In contrast to traditional polymeric NPs, polymeric drug carriers that respond to the external stimuli (e.g., pH, ROS, GSH, enzyme, temperature, and light) by changing their physicochemical properties can maintain the stability of the loaded drugs, prolong the blood circulation time of drugs, realize on-demand drug release in the targeted cells, and reduce the systemic side toxicities (Cheng et al., 2014; Guragain et al., 2015; Fu et al., 2018; Gao et al., 2019). However, many of these stimuli-responsive polymers are synthesized through the integration of multiple functional chemical groups via complex chemical reactions, which involve large amounts of organic solvents and harsh reaction environments, eventually resulting in potential toxicity and high expense (Lei et al., 2017; Bordat et al., 2019; Deng et al., 2020). In recent years, a number of natural polymers, including chitosan, alginate, gelatin, and silk fibroin, have been developed as drug delivery materials. Among them, silk fibroin is an FDA-approved polymer that can be processed into nanoscale particles in the mild environment (Lammel et al., 2011; Kundu et al., 2014; George et al., 2019). For instance, ionic liquid-silk fibroin solutions were prepared and used to fabricate SFNPs under ultrasounds (Lozano-Pérez et al., 2014).
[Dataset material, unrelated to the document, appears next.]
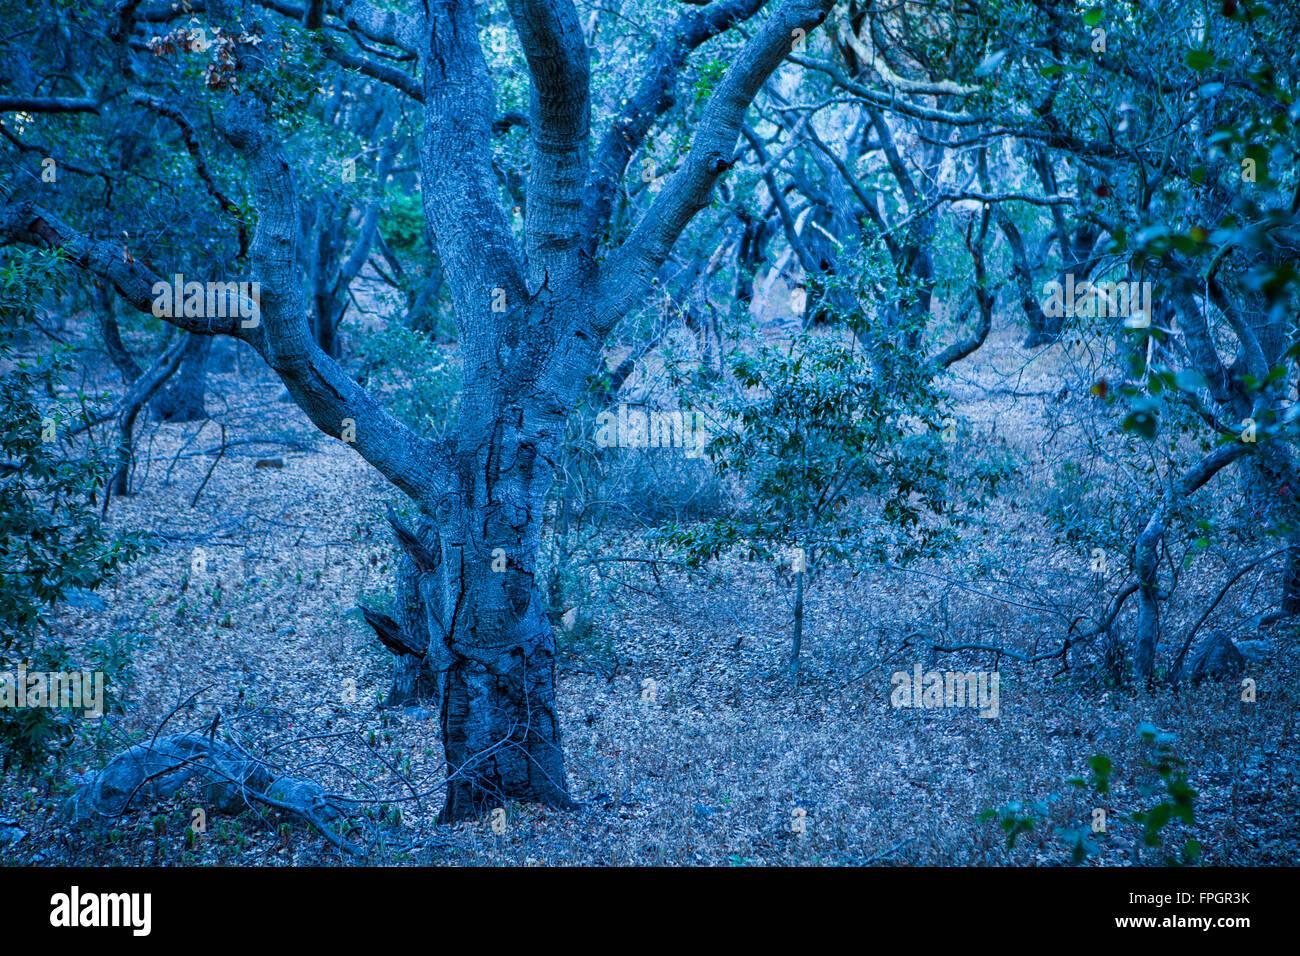 ominous oak forest, Bishop Peak, San Luis Obispo, California - Stock Image

The silk fibroin-based NPs (SFNPs) not only have the merits of excellent biocompatibility and desirable biodegradability, but also show the features of multi-responsive (Maitz et al., 2017; Wongpinyochit et al., 2018; Gou et al., 2019b). In addition, they can efficiently load small-molecule drugs, proteins, and nucleic acids through surface adsorption, physical encapsulation, and chemical coupling, which are able to prevent drug degradation, optimize the drug pharmacokinetics, and increase the cellular uptake amounts of drugs (Zhao et al., 2015).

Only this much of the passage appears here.